Schießerei in Northwest Austin
Am Morgen des 20. September 2026 hat ein Beamter der Einwanderungs- und Zollbehörde (ICE) in der Gegend Anderson Square in Northwest Austin, Texas, auf einen Mann geschossen und ihn verletzt. Die Konfrontation fand unter einer Autobahnbrücke statt, wo sich später lokale, staatliche und bundesstaatliche Polizeibeamte um einen blauen Toyota Corolla versammelten, der am Straßenrand stand. Der Rettungsdienst von Austin-Travis County brachte den Verletzten in ein Traumazentrum. Rettungsdienstchef Robert Luckritz erklärte auf einer Pressekonferenz, der Mann sei nach einem Schuss in den Oberkörper in stabilem, aber ernstem Zustand. Polizeichefin Lisa Davis von Austin bestätigte, dass städtische Polizisten nicht an der Schießerei beteiligt waren und am Tatort keine Festnahmen vornahmen; gelbes Absperrband und Fahrzeuge der Staatspolizei riegelten die Nachbarschaft ab.
Stadtverwaltung fordert unabhängige Untersuchung
Die Schießerei löste sofort Kritik von der Stadtführung Austins und von Bundesvertretern des Travis County aus. Bürgermeister Kirk Watson von Austin erklärte, er sei sehr wütend über die Schießerei und forderte, dass die texanischen staatlichen und lokalen Strafverfolgungsbehörden Zugang zur Untersuchung des Vorfalls als klarer Dritter erhalten.

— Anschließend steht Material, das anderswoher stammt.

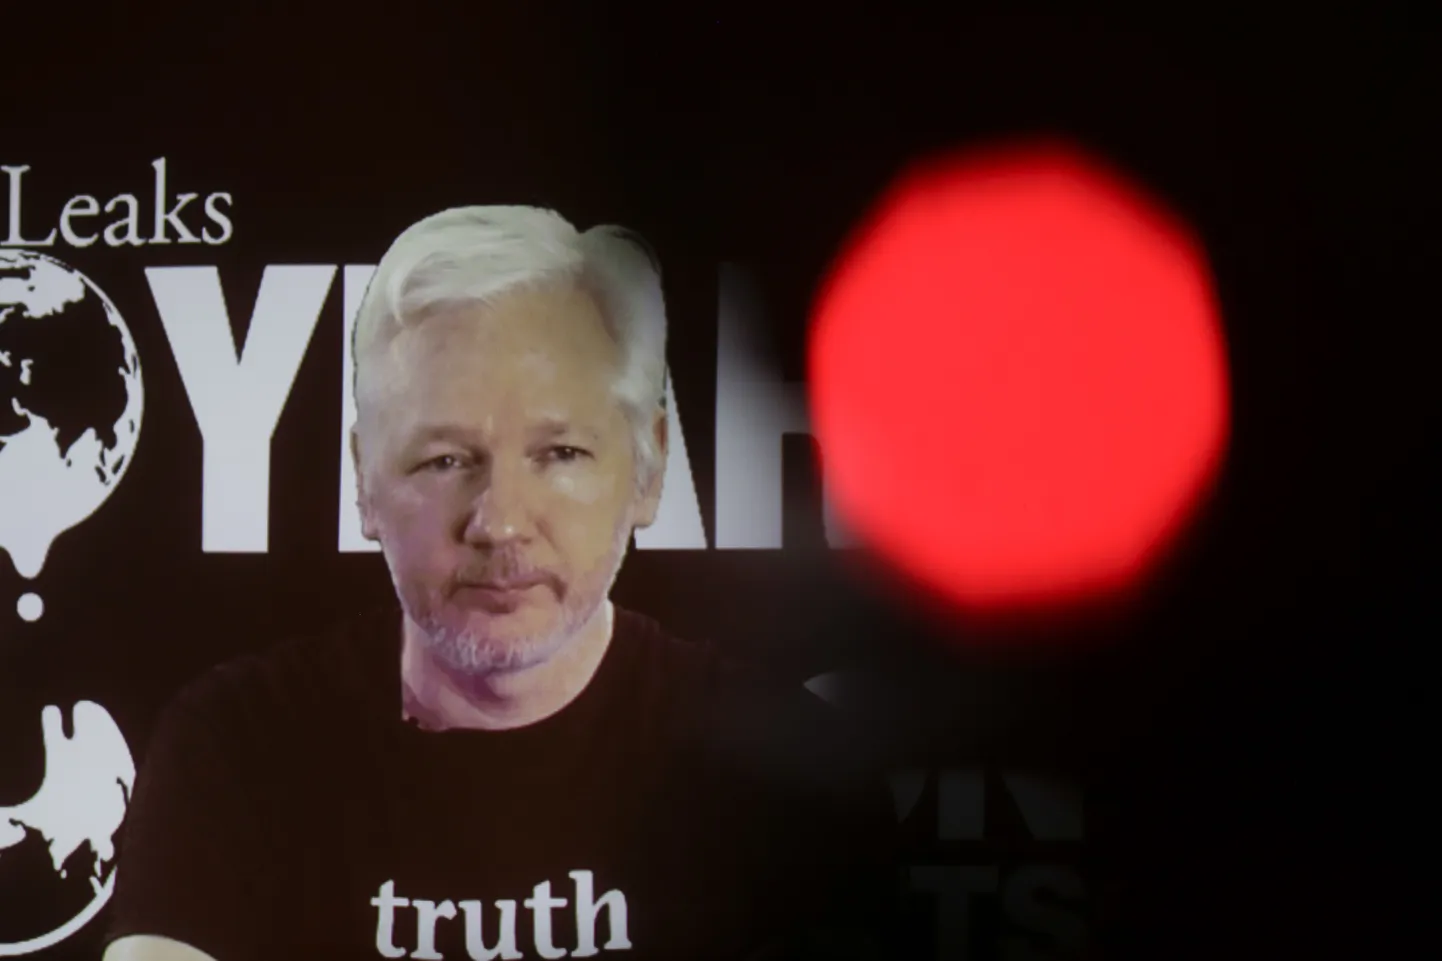 WikiLeaksi asutaja Julian Assange.

Abgeordneter Greg Casar verurteilte auf einer Pressekonferenz die bundesstaatlichen Durchsetzungstaktiken und erklärte, es sei schrecklich, dass der Horror die Stadt erreicht habe.
Während die Fakten ans Licht kommen, fordere ich eine vollständige, unabhängige Untersuchung, die sofortige Veröffentlichung der Körperkameraaufnahmen und Rechenschaft für jeden ICE-Beamten, der das Gesetz gebrochen hat.

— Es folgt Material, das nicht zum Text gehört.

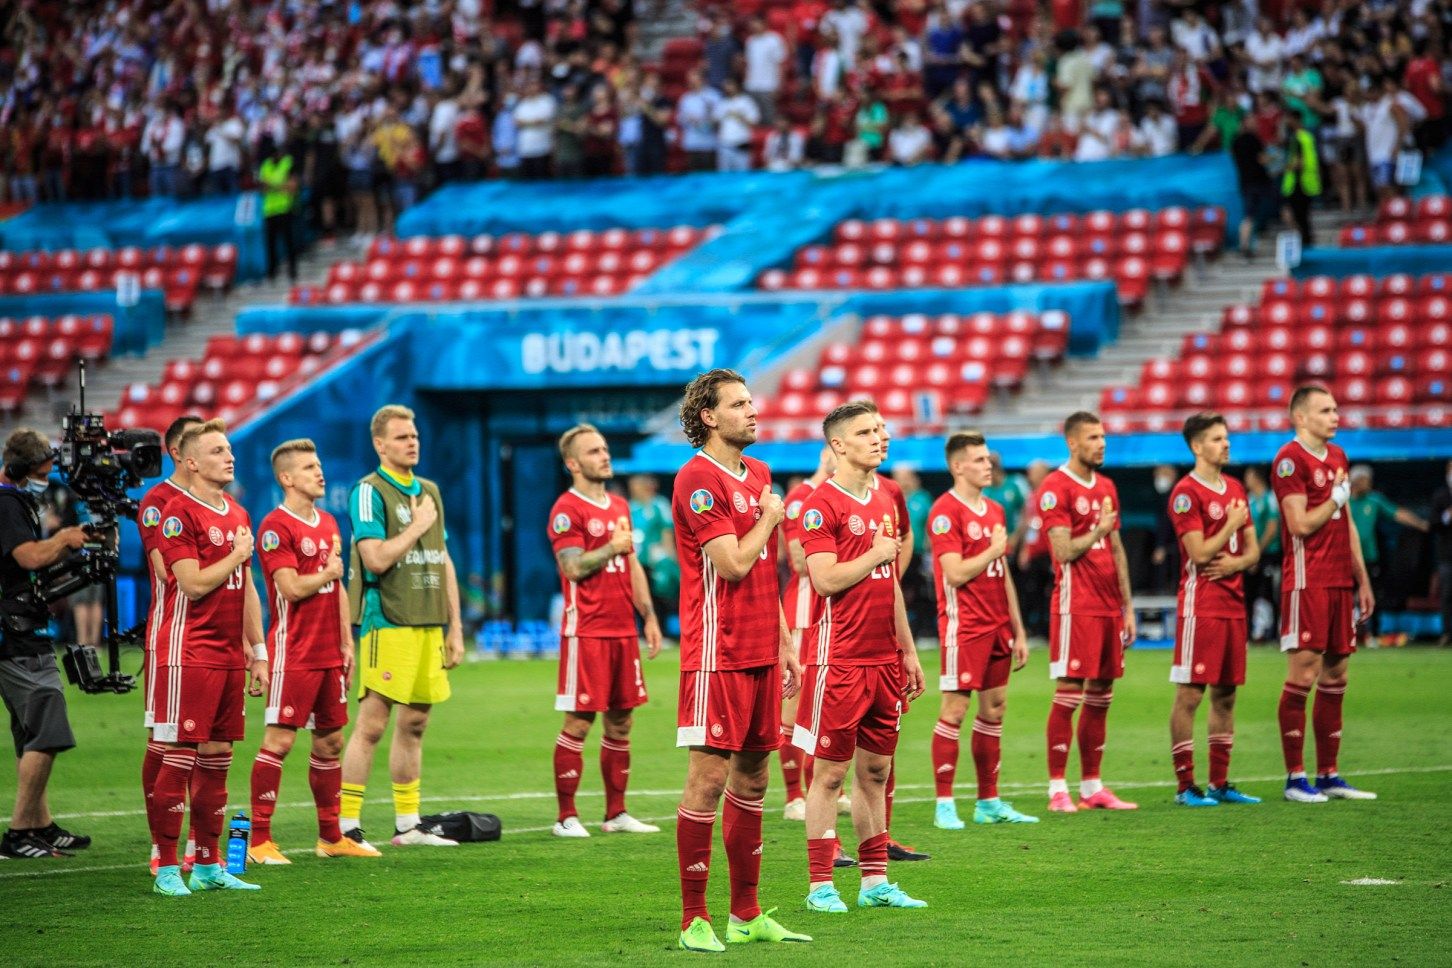 UEFA Euro 2020: the Hungarian national team at the Puskás Aréna

Casar erklärte, die Bewohner Austins würden sich friedlich gegen die Bundesoperationen stellen, und verwies auf frühere öffentliche Demonstrationen in Minneapolis und Houston. Weder ICE noch das Heimatschutzministerium gaben zunächst Details bekannt, ob der Verletzte das beabsichtigte Ziel einer Durchsetzungsoperation war.

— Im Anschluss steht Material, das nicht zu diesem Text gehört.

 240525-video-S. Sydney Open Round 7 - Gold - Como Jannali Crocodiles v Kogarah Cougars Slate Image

Tödliche Vorfälle bei jüngsten Operationen
Die Schießerei in Austin ist der zweite derartige Vorfall in Texas in den letzten Monaten im Rahmen erneuter bundesstaatlicher Abschiebungsinitiativen. Im Juli 2026 schoss ein ICE-Beamter in Houston dem 35-jährigen US-Einwohner und Geschäftsinhaber Lorenzo Salgado Araujo in den Bauch, während dieser mit drei anderen Männern zu einer Baustelle unterwegs war. Araujo, Ehemann und Vater, der aus Mexiko eingewandert war, starb im Krankenhaus, und Bundesbeamte bestätigten später, dass er nicht das beabsichtigte Ziel der Operation war. Weniger als eine Woche nach Araujos Tod erschossen ICE-Beamte den 25-jährigen kolumbianischen Einwanderer Johan Sebastián Durán Guerrero in Biddeford, Maine, während er auf dem Weg zur Arbeit war.
- Der 23-jährige US-Bürger Ruben Ray Martinez wird von einem ICE-Beamten erschossen
- Renée Good und Alex Pretti werden während der Operation Metro Surge in Minneapolis erschossen
- Lorenzo Salgado Araujo wird auf dem Weg zur Arbeit in den Bauch geschossen und stirbt im Krankenhaus
- Johan Sebastián Durán Guerrero wird auf dem Weg zur Arbeit erschossen
- Ein ICE-Beamter schießt in Northwest Austin auf einen Mann und verletzt ihn am Oberkörper
Opferzahlen bei bundesstaatlichen Einwanderungsmaßnahmen
Bundesakten und Berichte zeigen eine Reihe tödlicher Begegnungen mit Einwanderungsbeamten seit Januar 2025. Vor 2026 erschoss ein ICE-Beamter den 23-jährigen US-Bürger Ruben Ray Martinez in South Padre Island, Texas. Im Januar 2026 führte eine als Metro Surge bezeichnete Durchsetzungsaktion in Minneapolis zum Tod von zwei US-Bürgern: der Krankenschwester Alex Pretti und Renée Good, Mutter von drei Kindern. Seit Januar 2025 haben Bundes-Einwanderungsbeamte landesweit mehr als 20 Menschen erschossen, darunter sechs Tote, darunter drei US-Bürger. Fast alle dieser Schießereien betrafen Bundesbeamte, die Feuerwaffen auf Personen in Fahrzeugen abfeuerten. Die lokalen Behörden in Austin fordern weiterhin vollständige Offenlegung der Bundesakten und Kameraufnahmen von der Konfrontation am Sonntag.